Session: 618. Acute Myeloid Leukemias: Biomarkers and Molecular Markers in Diagnosis and Prognosis: Poster I
Hematology Disease Topics & Pathways:
Research, Fundamental Science, Translational Research, Bioinformatics, Computational biology, Technology and Procedures, Machine learning
To facilitate this interpretation, the sorted CD34+ bone marrow mononuclear cells (BMMCs) from one pAML with MLLr and one pAML with FLT3-ITD aberrations were initially processed over the 10x Genomics Chromium platform, respectively. The generated Gel Bead-in-Emulsions (GEMs) were divided into two fractions: one was sent for high-throughput droplet-based 5′-single cell RNA-sequencing (scRNA-seq) process, while the other was reserved for Oxford Nanopore long-read library construction and sequencing. To provide a reference framework, single-cell transcriptomic profiles from CD34+ BMMCs of two healthy donors (HDs) were employed and annotated with 14 differential subclusters, based on stage-specific marker genes.
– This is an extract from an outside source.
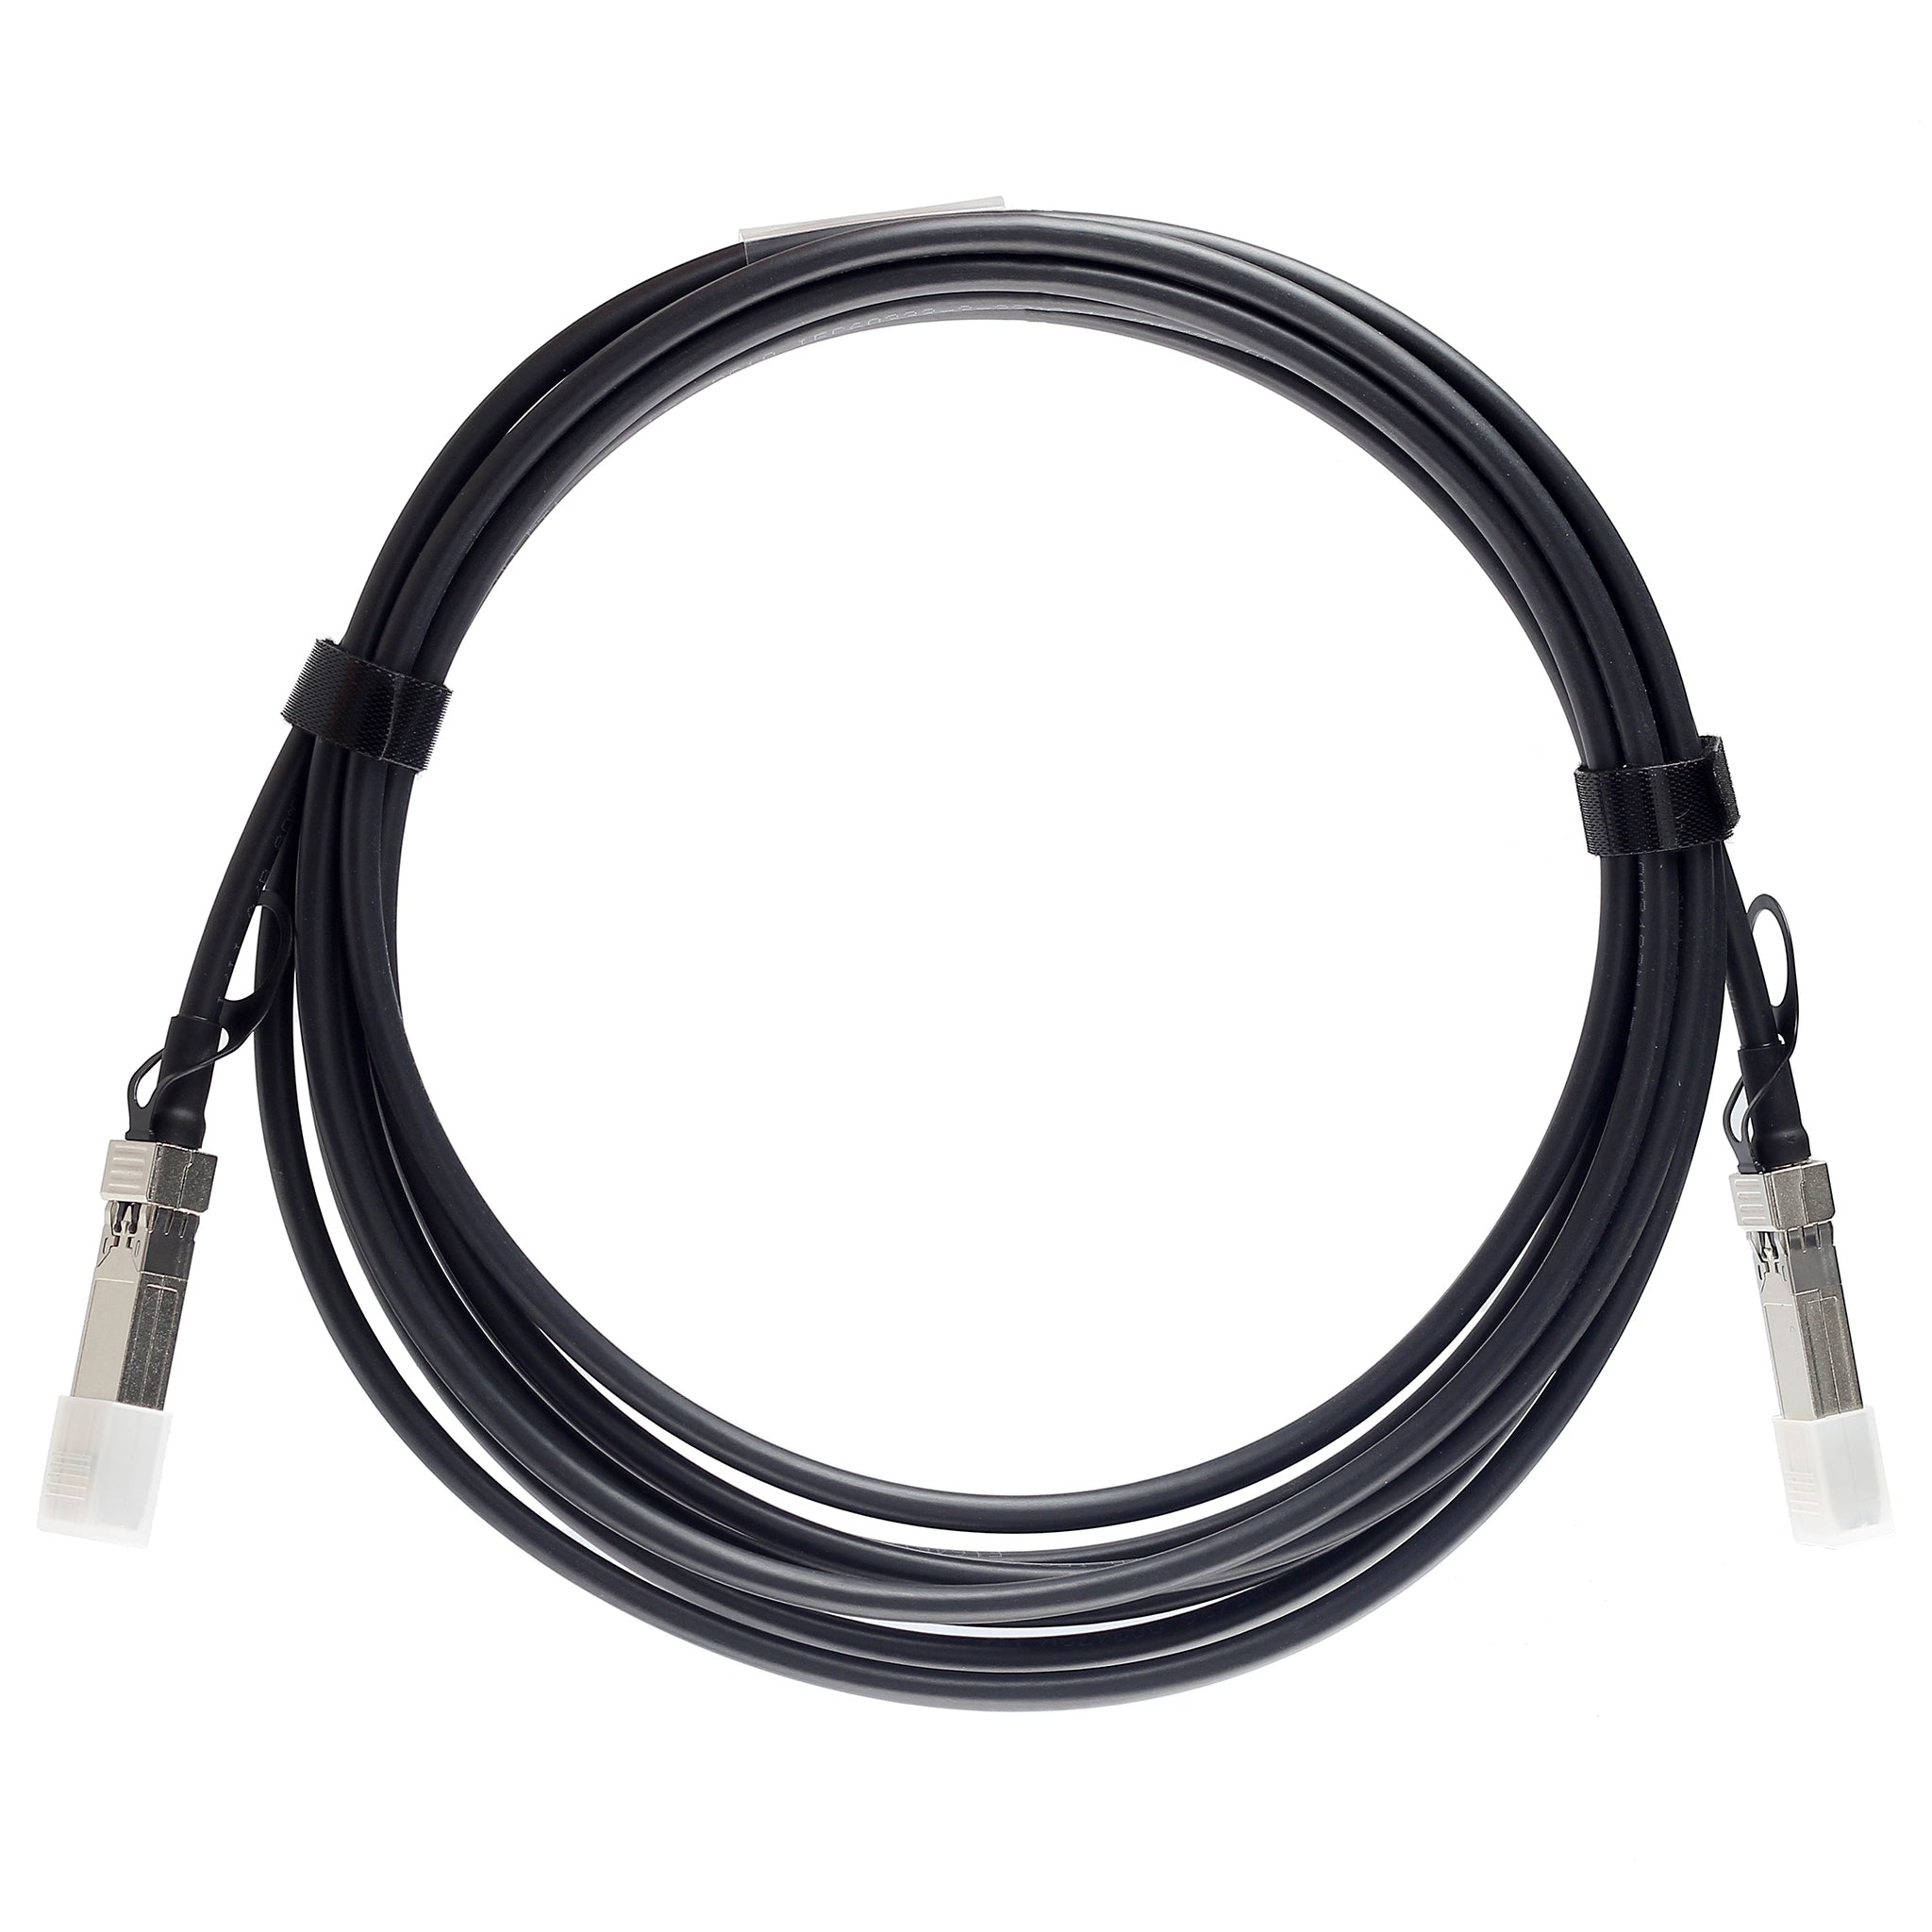 QSFP-40G-C2M-C - 2m Alcatel-Lucent (Nokia) Compatible 40G QSFP+ Passive Direct Attach Copper Twinax Cable

By projecting the transcriptional signatures from short-read scRNA-seq onto the previously annotated differential roadmap, CD34+ BMMCs from the two pAML patients predominantly exhibited progenitor and promonocyte/monocyte (Promono/Mono) clusters, aligning with the established understanding differentiation blockade in AML. Noteworthy was the differential inclination across the two subtypes: the FLT3-ITD pAML demonstrated a marked propensity towards stem and progenitor cells, whereas the MLLr subtype did not display this tendency. This distinction underscores the heterogeneity in cellular hierarchies and lineage commitment disruptions accross different genetic subtypes of AML.
To confirm the leukemic identities with genetic variations, we analyzed single-cell long-read sequencing data from the second fractions of GEMs, which shared barcodes with cells used for scRNA-seq from the first fractions. In leukemic cells of MLLr pAML, we identified the ELL::KMT2A rearrangement with translocation from breakpoints of the exon 1 of ELL and exon 10 of KMT2A. Meanwhile, leukemic cells from the FLT3-ITD pAML exhibited a tandem repeat of 27 bases within the exon 14 of FLT3 gene. Utilizing 80% of all isolated cells as the training set and the remaining 20% as the test set, we constructed a machine learning model by employing the molecular characteristics of captured leukemia to build a classifier to distinguish leukemia cells from cells without variation identified. Notably, the area under the curve (AUC) of the MLLr leukemic classifier and FLT-ITD altered leukemic classifier both satisfactorily exceeded 0.99, demonstrating their high discriminative performance and reliability in identifying leukemia cells with these specific genetic alterations. Based on internal analysis of the top hits in the classifiers from clinical follow-up data, high MT-ND1 expression in MLLr pAML, and CD99 as a leukemic stemness marker in FLT3-ITD pAML, were further validated to be closely associated with significantly inferior event-free survival and overall survival rate from external TARGET-AML cohort.
Our study, leveraging the long-read and short-read single cell sequencing strategies, had profiled full-length transcripts and simultaneously facilitated the reliable detection of gene variations within individual cells, providing a more robust platform for elucidating the heterogeneity and pathogenic mechanisms of different leukemic subtypes. This integration enabled the construction of accurate classifiers to identify leukemia cells based on their subtype-specific molecular characteristics, such as upregulated MT-ND1 and CD99, proposing insights for prognostic assessments and targeted therapies in pAMLs in further investigations.
Disclosures: Yang: Takeda: Honoraria.